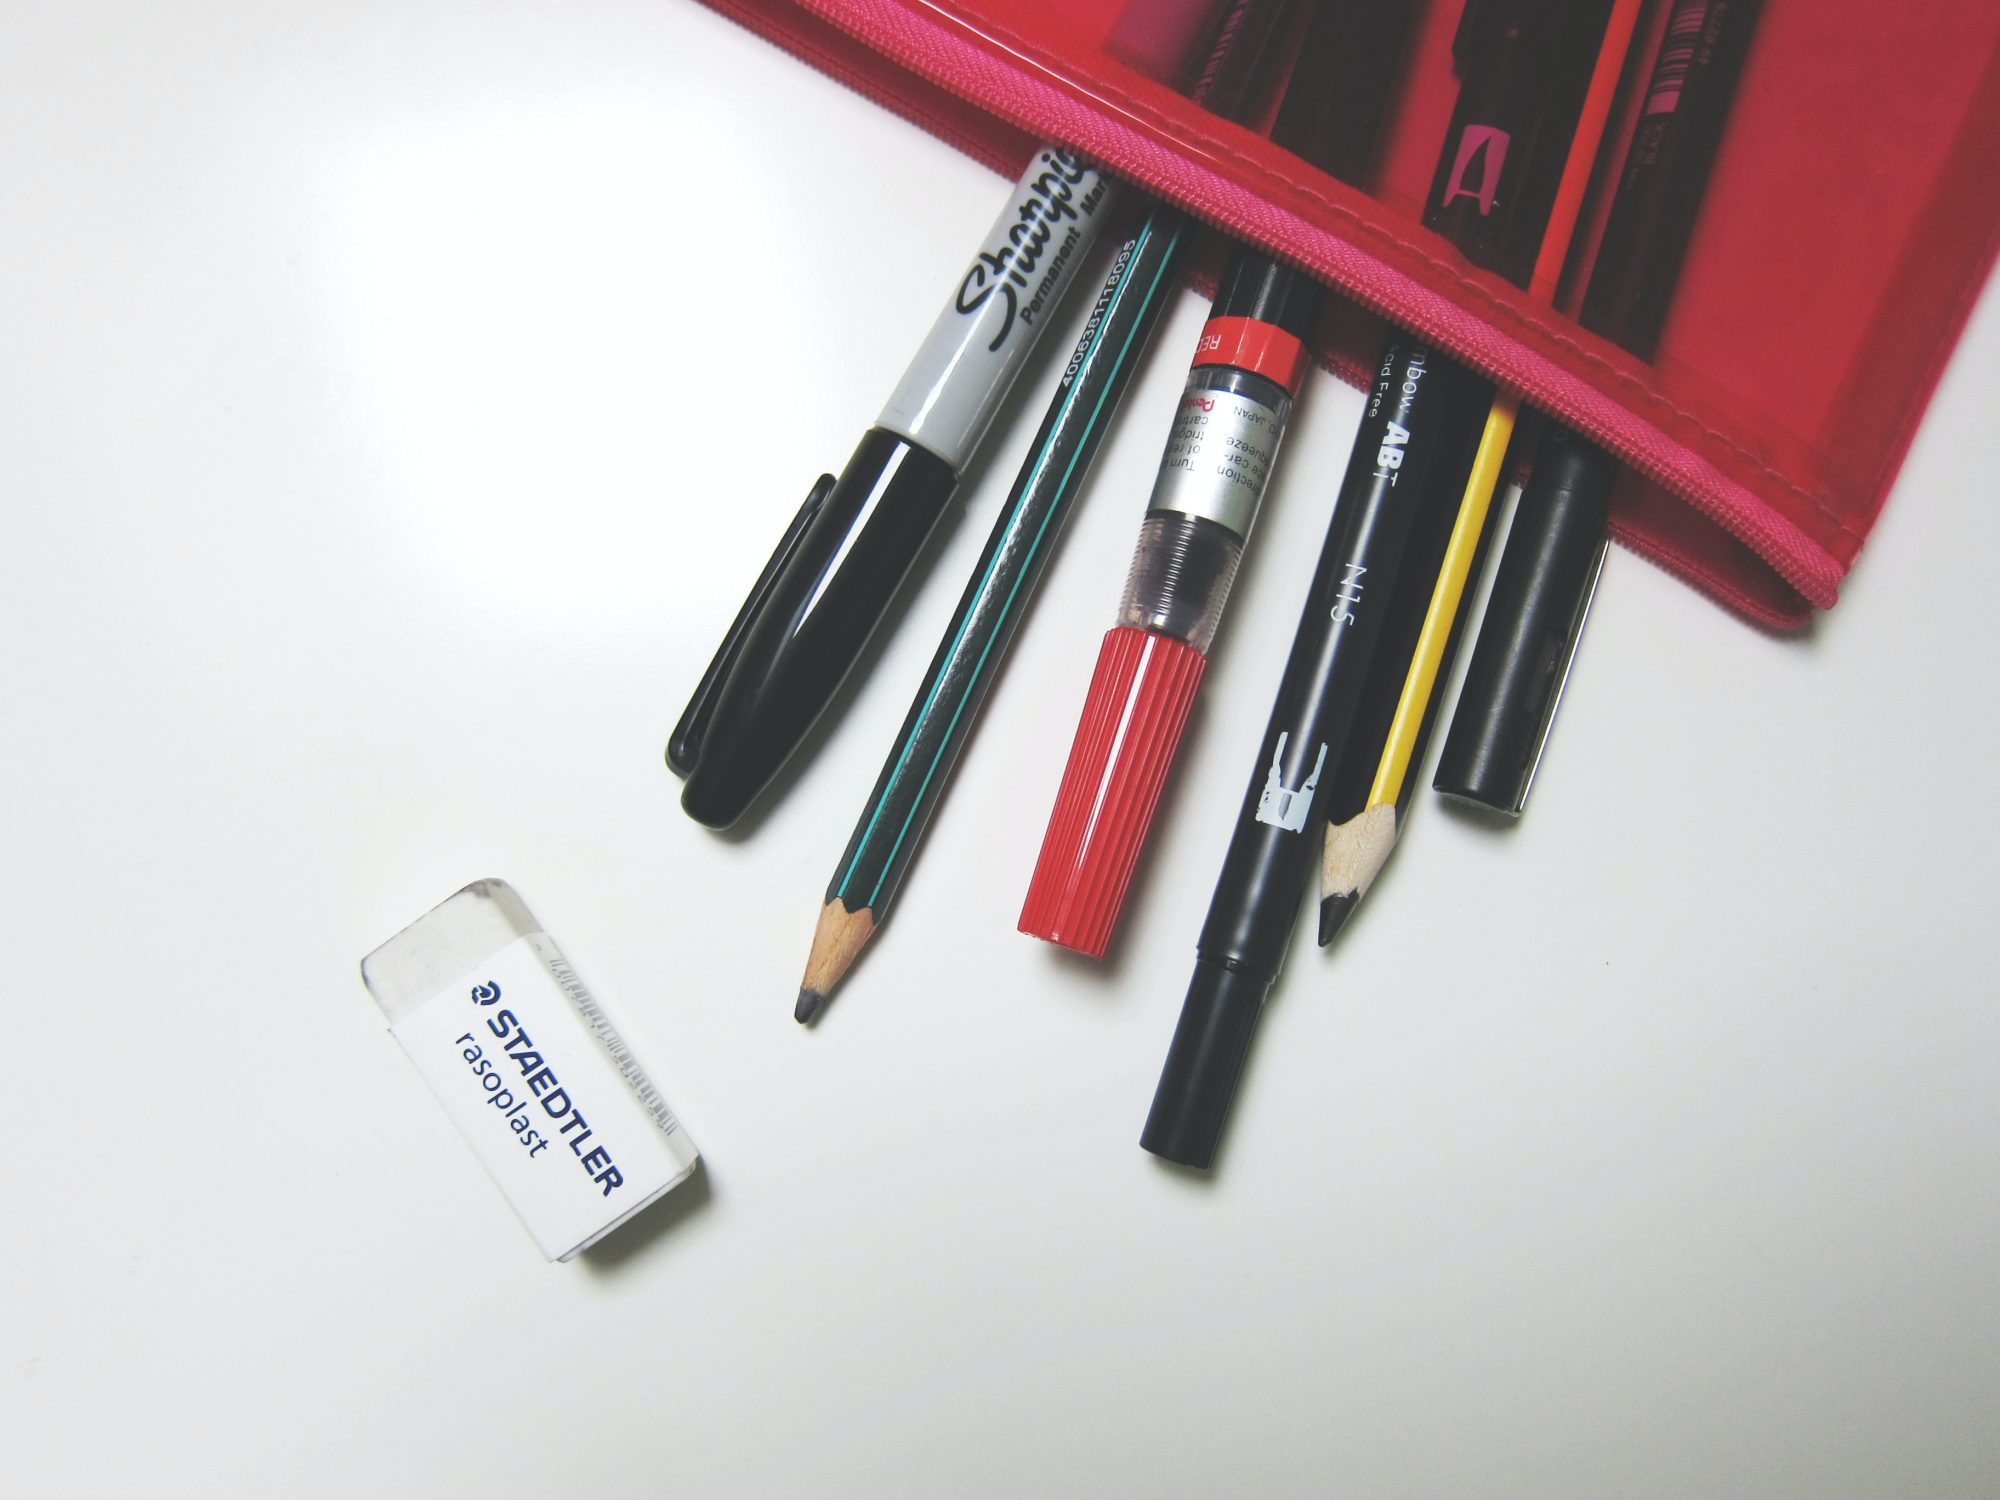 Picture shows a part of a red and black pencil case lying on a white surface with the zip open and pens and pencils spilling out. A white eraser lies next to them.
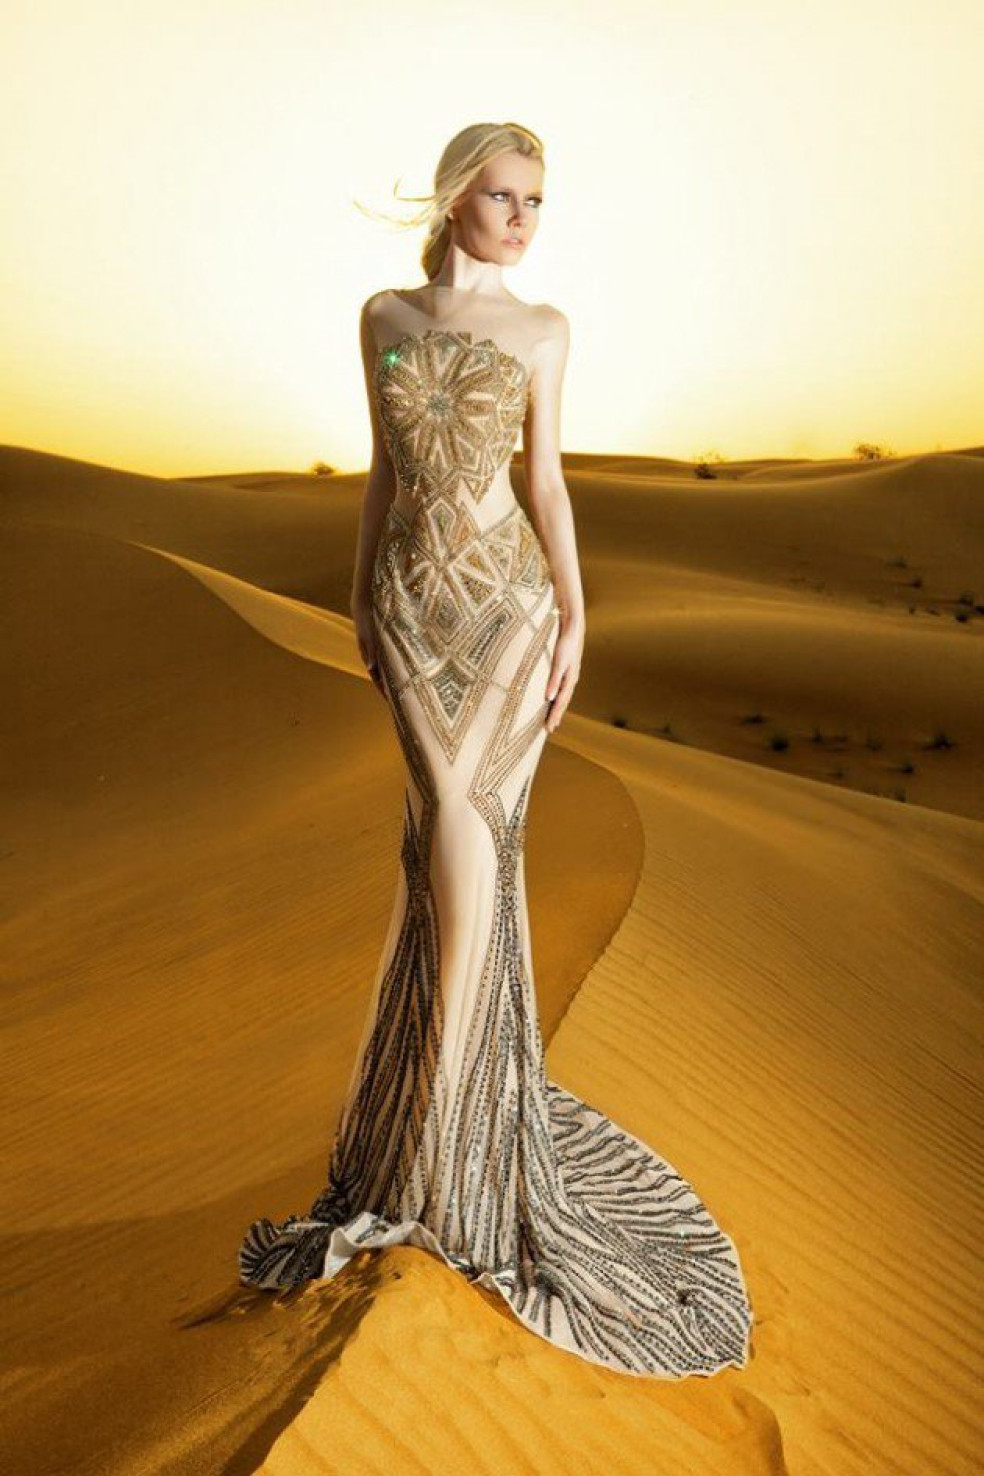 SMOKE AND MIRRORS BY DANY TABET FOR S/S 2015
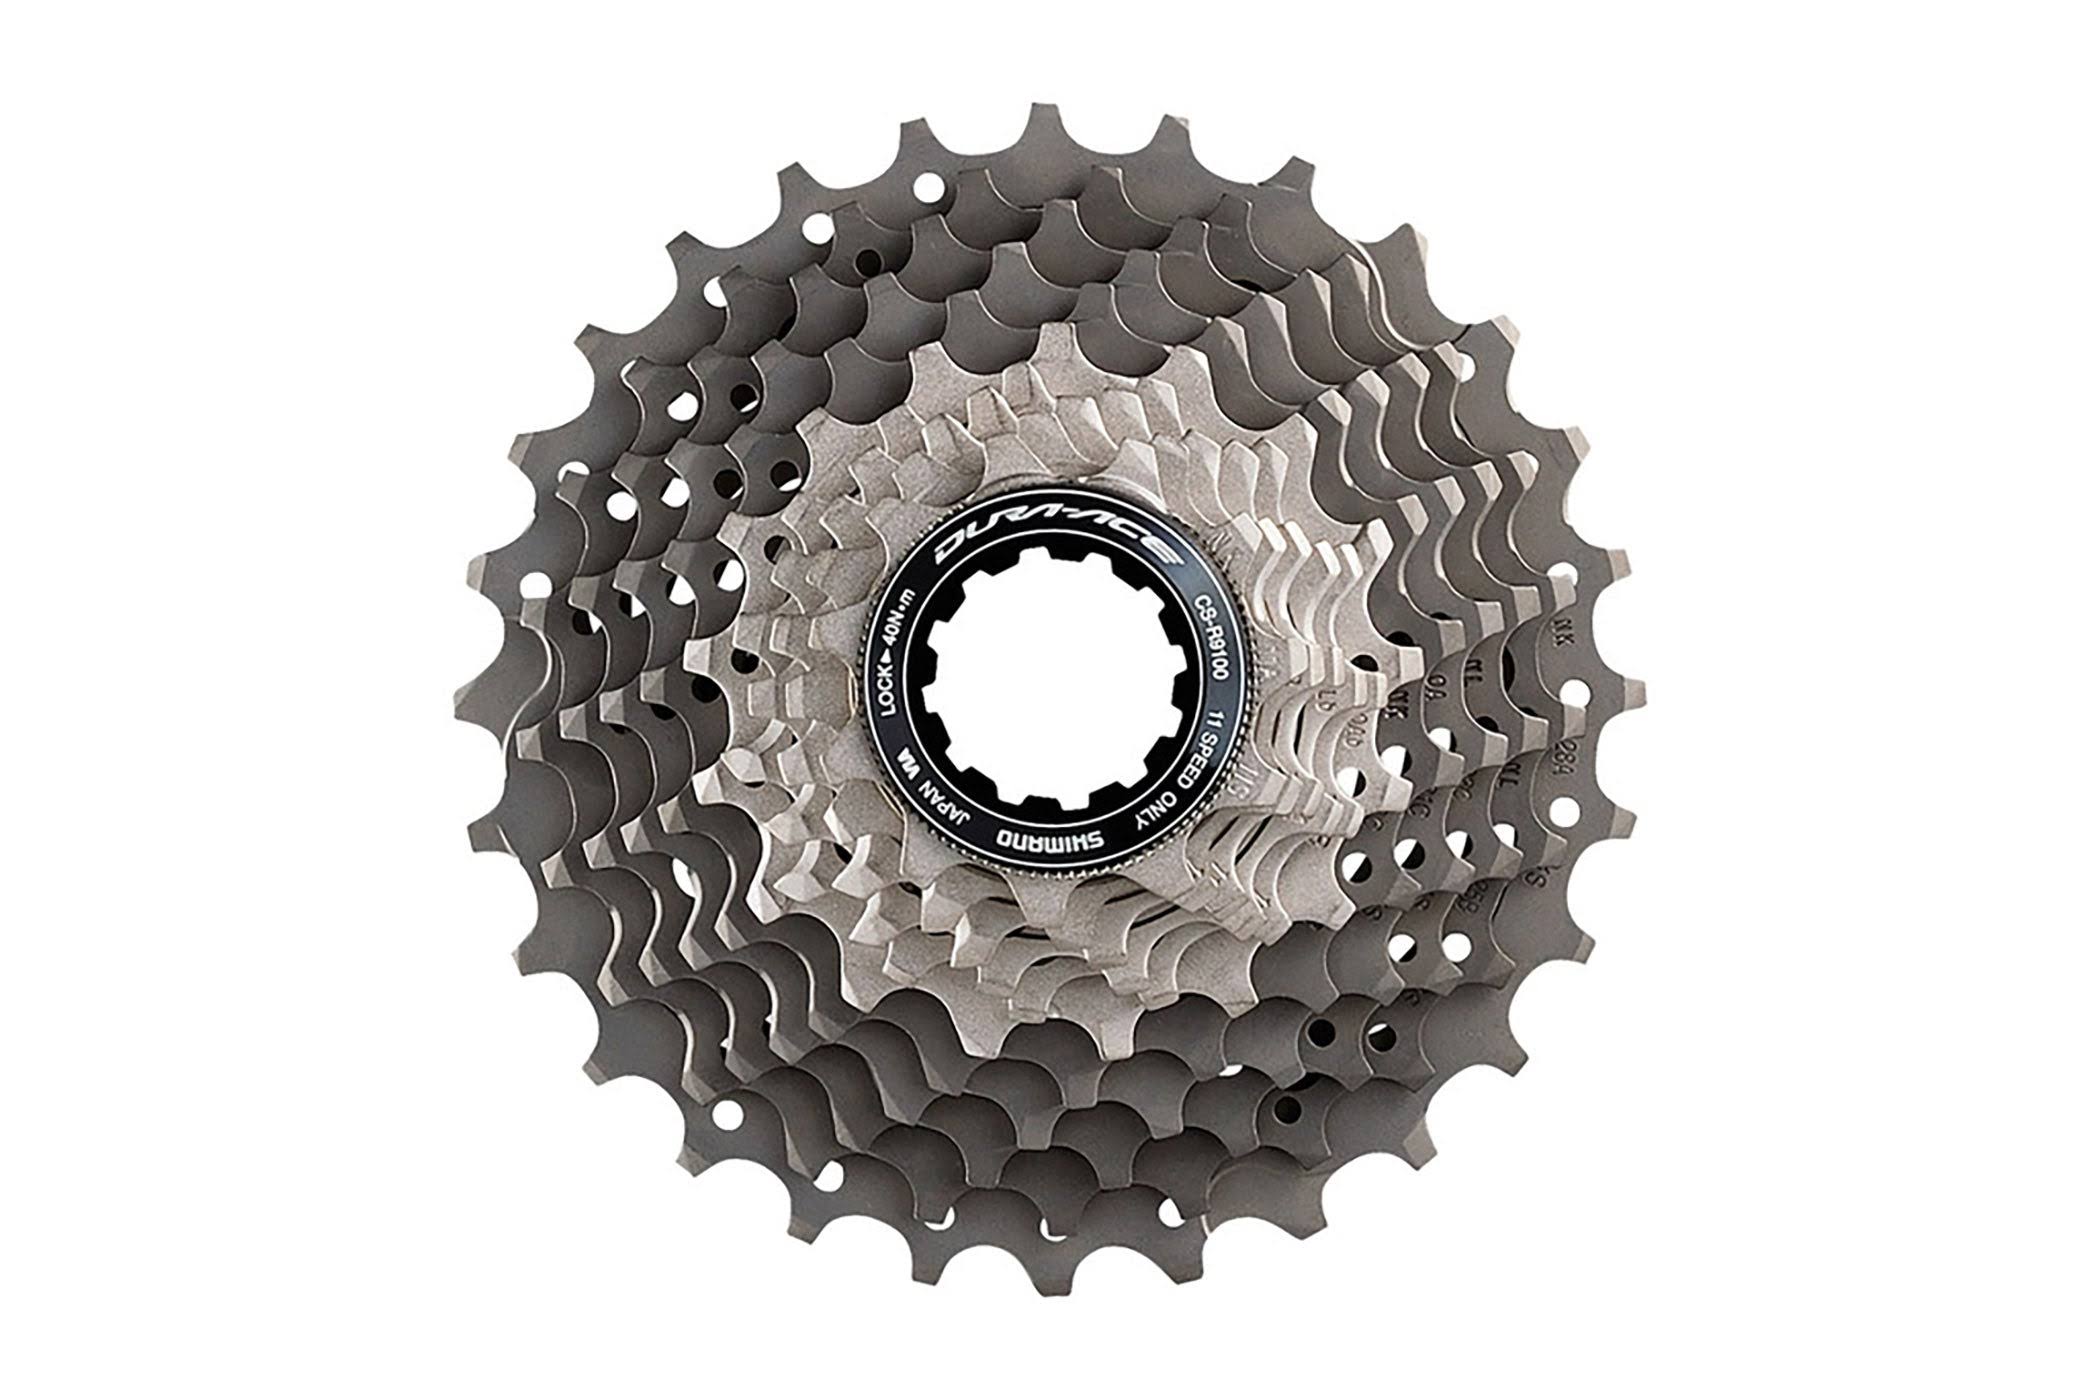 Shimano Dura-Ace R9100 Cassette - 11 Speed

++++++

• **Assignment**: Reproduce all the data as it stands. The pictures are not part of the copy.

• **Output below**:
 Picture shows a part of a red and black pencil case lying on a white surface with the zip open and pens and pencils spilling out. A white eraser lies next to them.
 SMOKE AND MIRRORS BY DANY TABET FOR S/S 2015
 Shimano Dura-Ace R9100 Cassette - 11 Speed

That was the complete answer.